Your objective >> I would like each line of the data that holds the word "Davis" copied out.

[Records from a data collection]
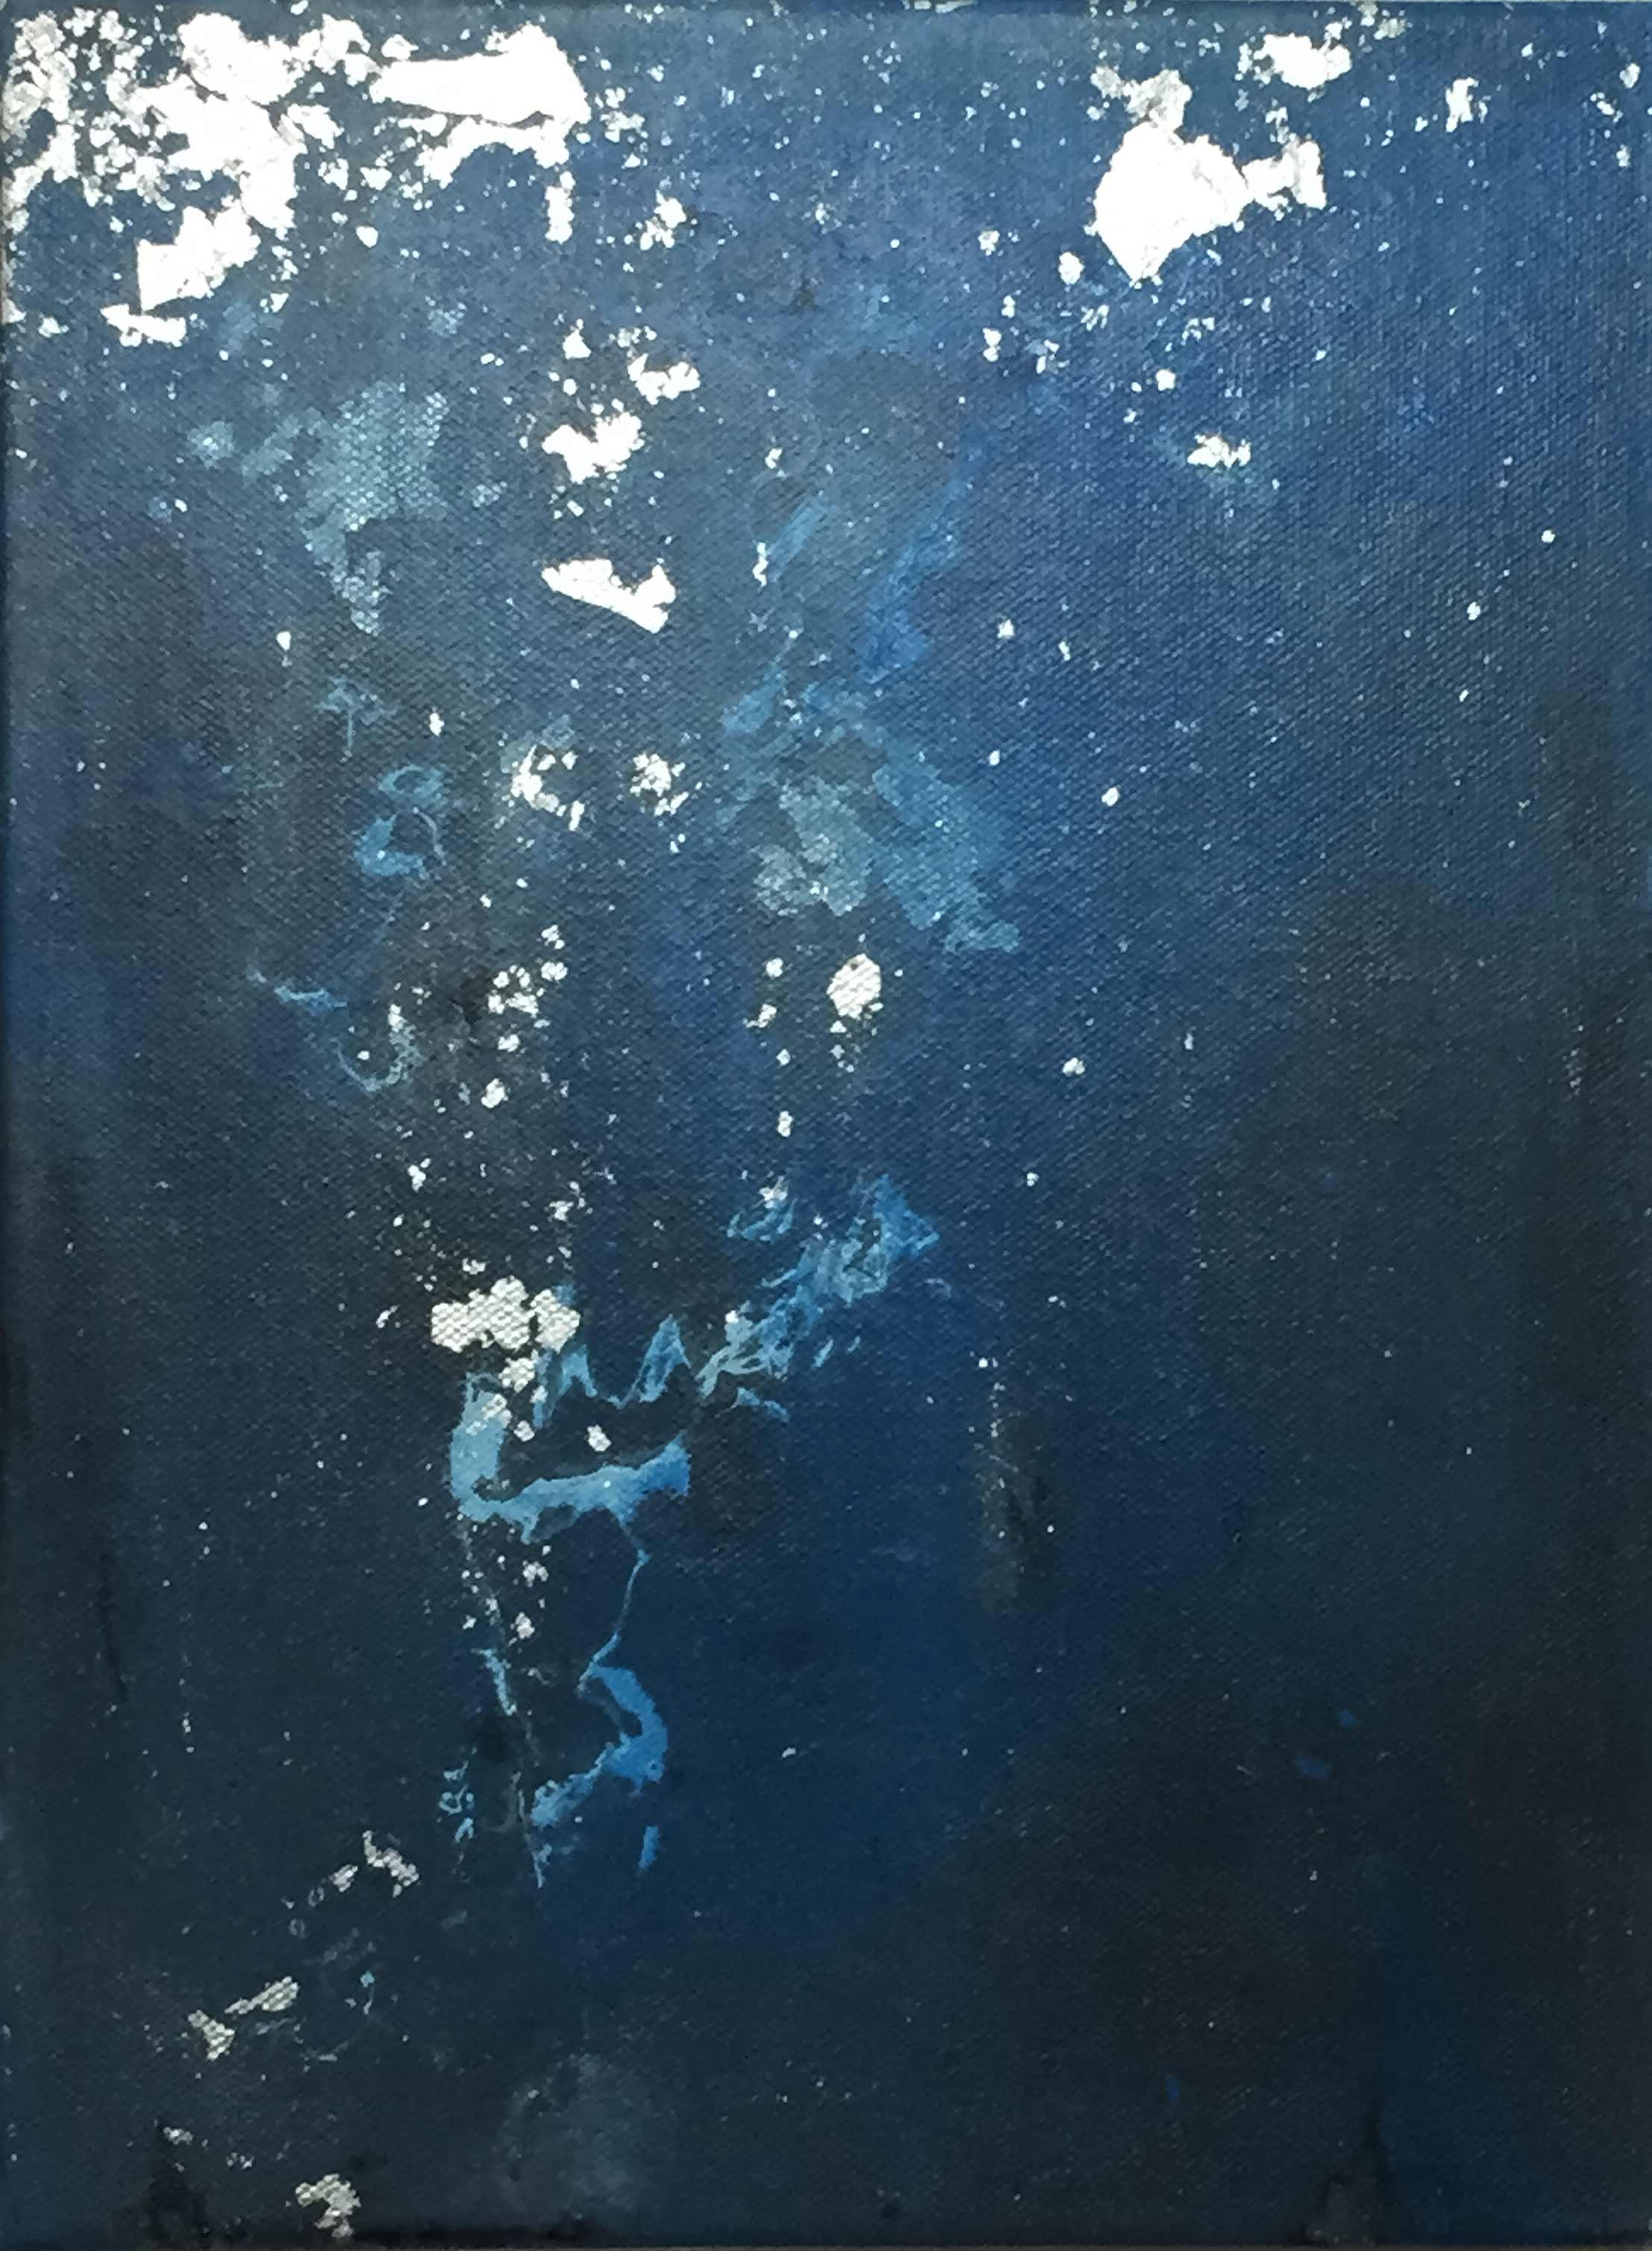 Pedro A, Figueredo. "Nocturne I" (2015). Acrylic and metal foil on canvas; 12 x 9 in.
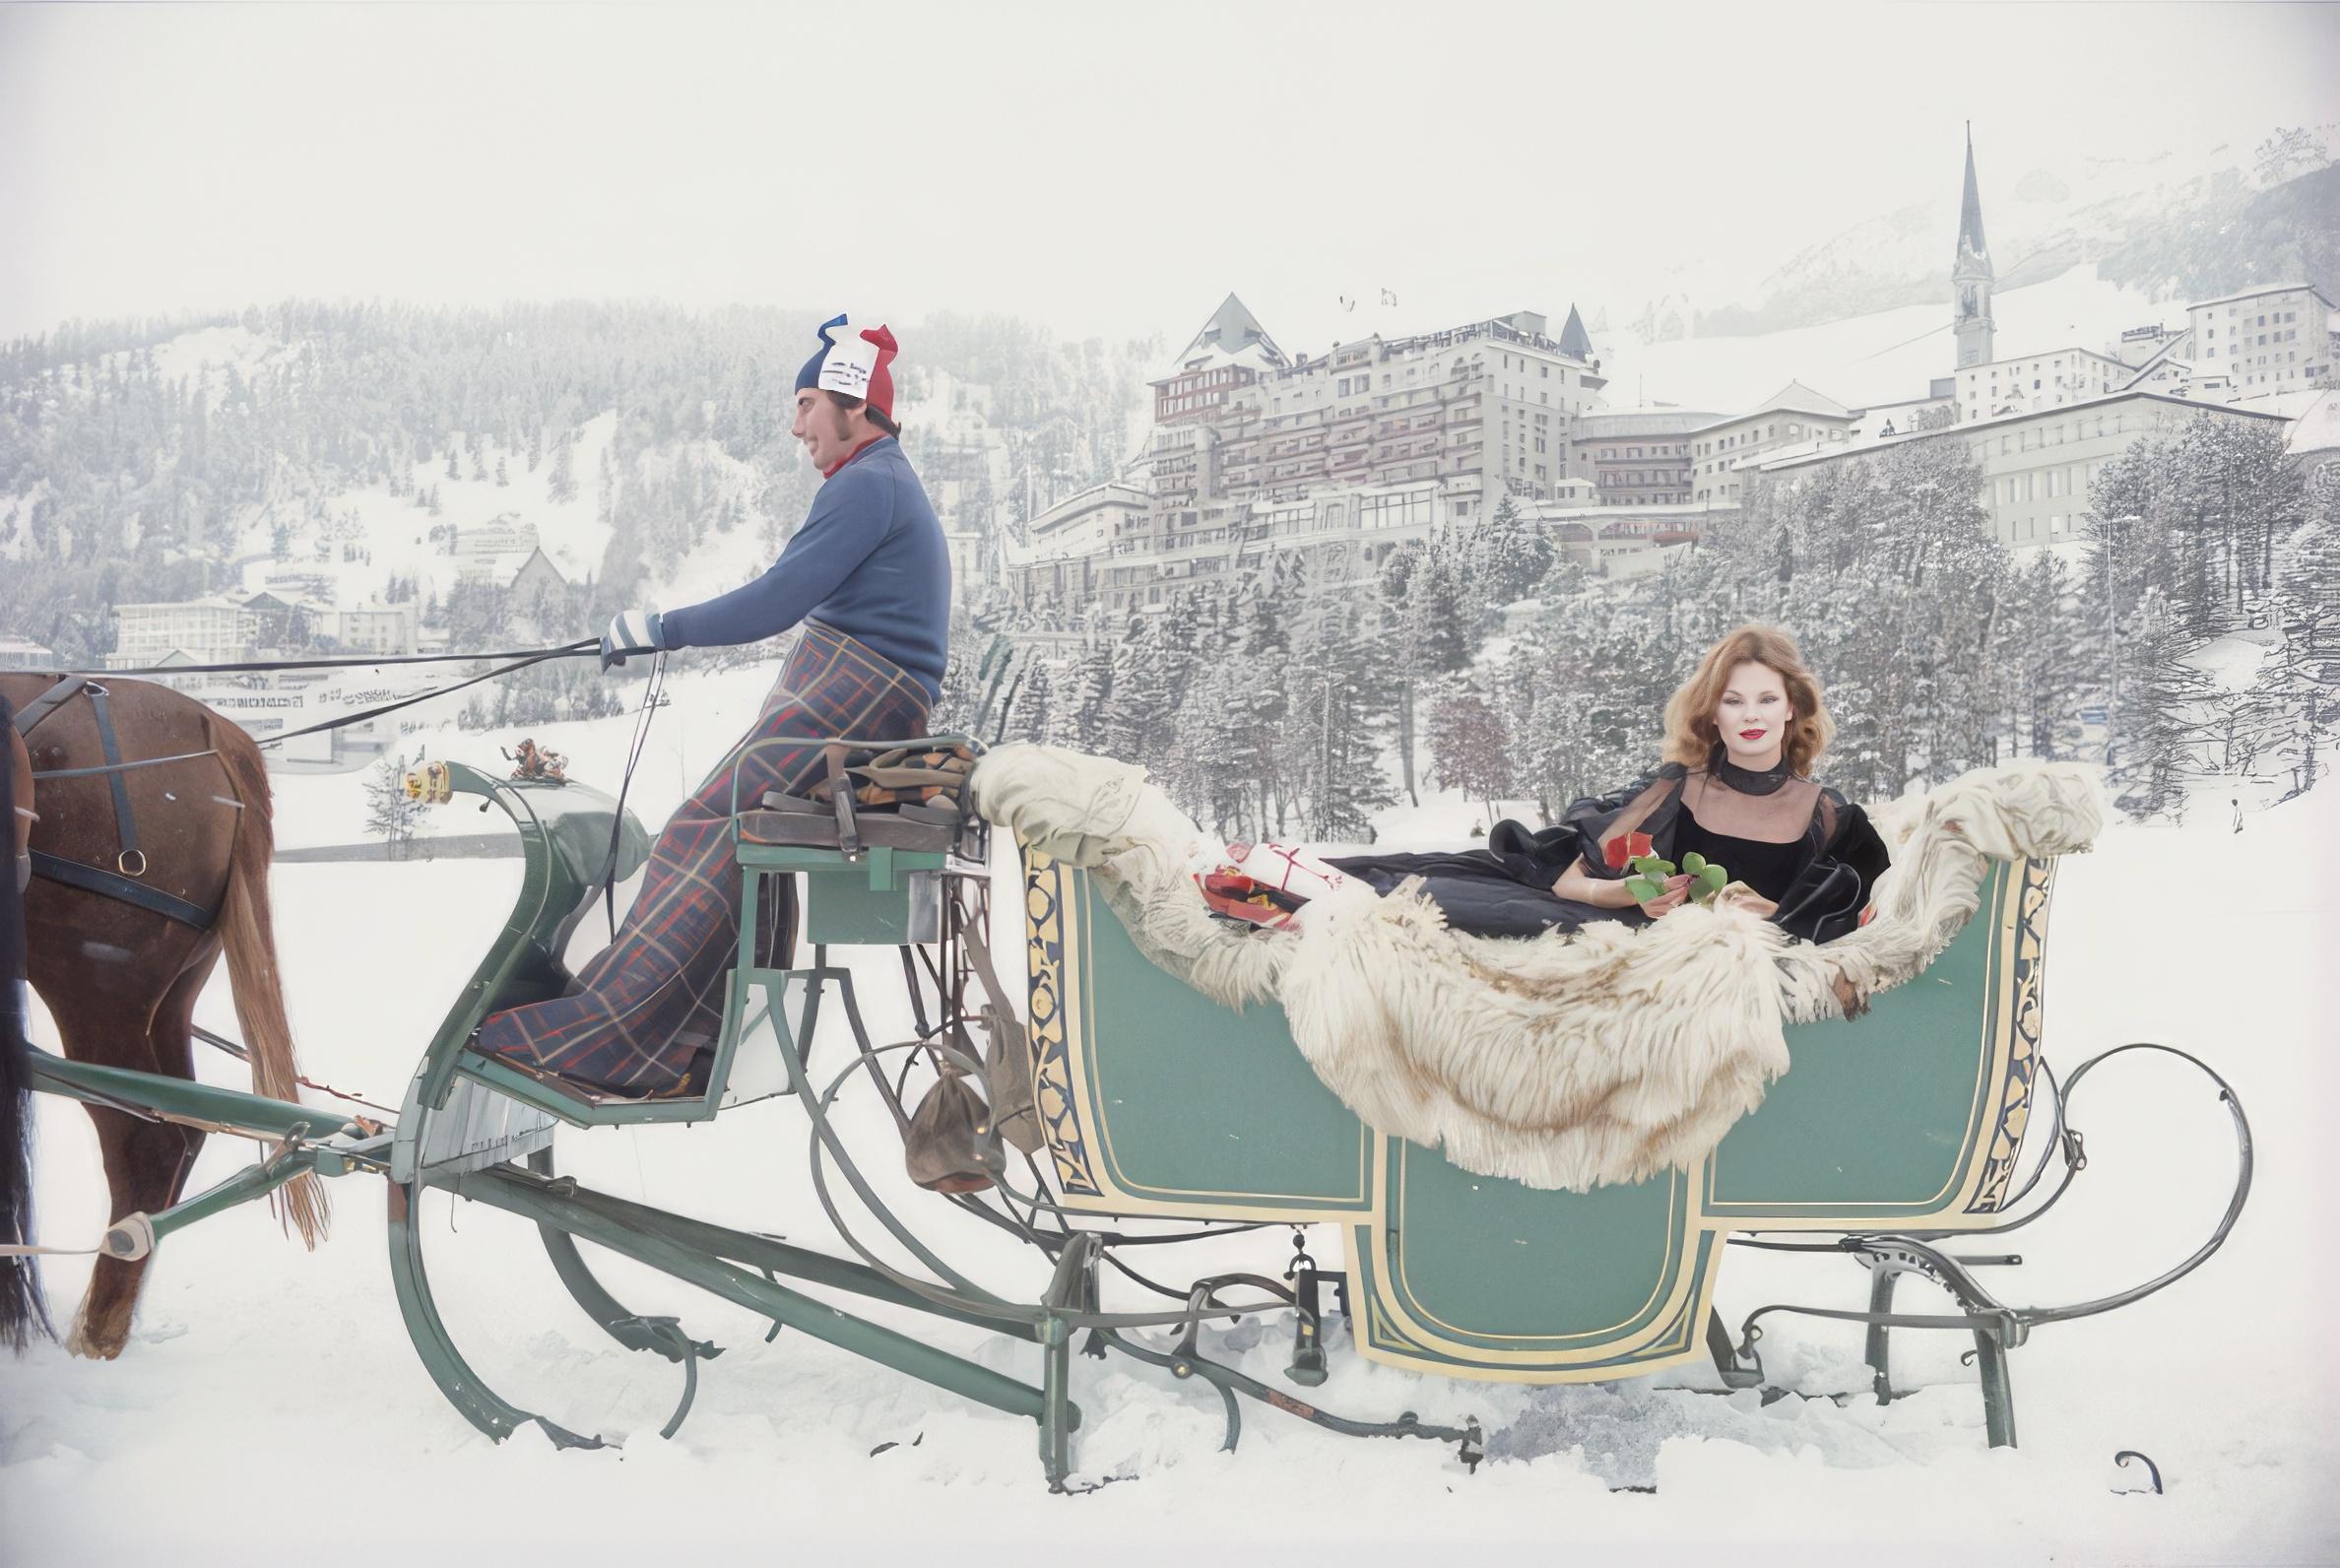 Slim Aarons
Karen Davis
1978 (printed later)
C print
Estate stamped and hand numbered edition of 150 with certificate of authenticity from the estate.   

American opera singer Karen Davis arrives at the Palace Hotel in an antique sleigh, St.

Reply to the exercise >>
Karen Davis
American opera singer Karen Davis arrives at the Palace Hotel in an antique sleigh, St.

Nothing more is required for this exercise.